Links with Carlo de’ Medici
Bracciolini and Ferro prove to have possessed another mutual patron, Cardinal Carlo de’ Medici (1595-1666). It was to this young prince that Bracciolini dedicated the first edition of his Lo Scherno degli Dei in 1618. Ferro in a sequel to his Teatro d’Imprese, entitled Ombre apparenti nel Teatro d’Imprese (1629), in a section entitled ‘Palla’, points out how he once presented the young Medici cardinal with a ball as a metaphor for a perfectly spherical object which resembles the ‘mappamondo’ (globe) where we all live. Ferro writes that the shape of the ball reflects Horace’s ‘Totus teres, atque rotundus’ (all smooth and rounded) shape of the earth. The ‘palla’ symbolizes true obedience and exemplifies the virtue of good government. It is therefore, Ferro reasons, that the ball was incorporated into the Medici coat of arms. In 1610, for the canonisation of San Carlo Borromeo, Ferro writes in his Ombre apparenti that he also used the emblem of the ball for this relative of the Medici family, claiming that through its true bounce and volatile flight through the air, the ‘palla’ possessed all the heroic qualities San Carlo had demonstrated throughout his life.

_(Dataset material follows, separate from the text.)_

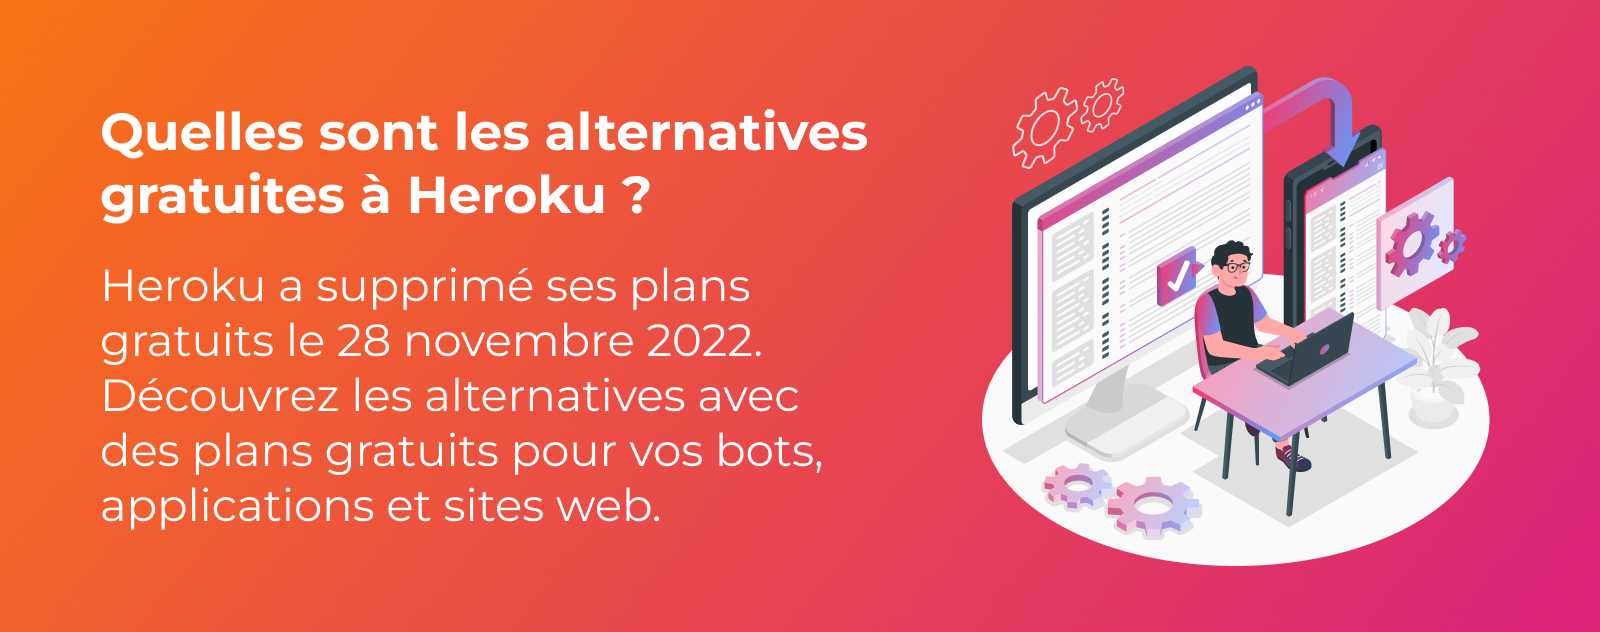 Quelles sont les alternatives gratuites à Heroku ?

It was in 1615 that Cardinal Carlo de’ Medici moved from Florence to settle in Rome’s Palazzo Firenze, separated from the tennis court on which in 1606 Caravaggio had played his tennis match by only a narrow street, Via di Pallacorda, named after the tennis court. We may wonder if this may have played a part in Bracciolini’s mind when he apparently incorporated allusions to Caravaggio’s tennis match in his Lo Scherno degli Dei, the first edition of which in 1618 was dedicated to the young Cardinal Carlo de’ Medici. Carlo was a keen player as well as an extravagant betting man. According to a French study, ‘Fêtes romaines au temps des Carrache’, Carlo lost 6,000 ‘écus romains’ during a pallacorda match at the Palazzo Farnese tennis court in 1624. The Farnese court has retained its original exterior structure – as the only of at least 30 Baroque Pallacorda courts in Rome - its interior is at present used as a viewing theatre.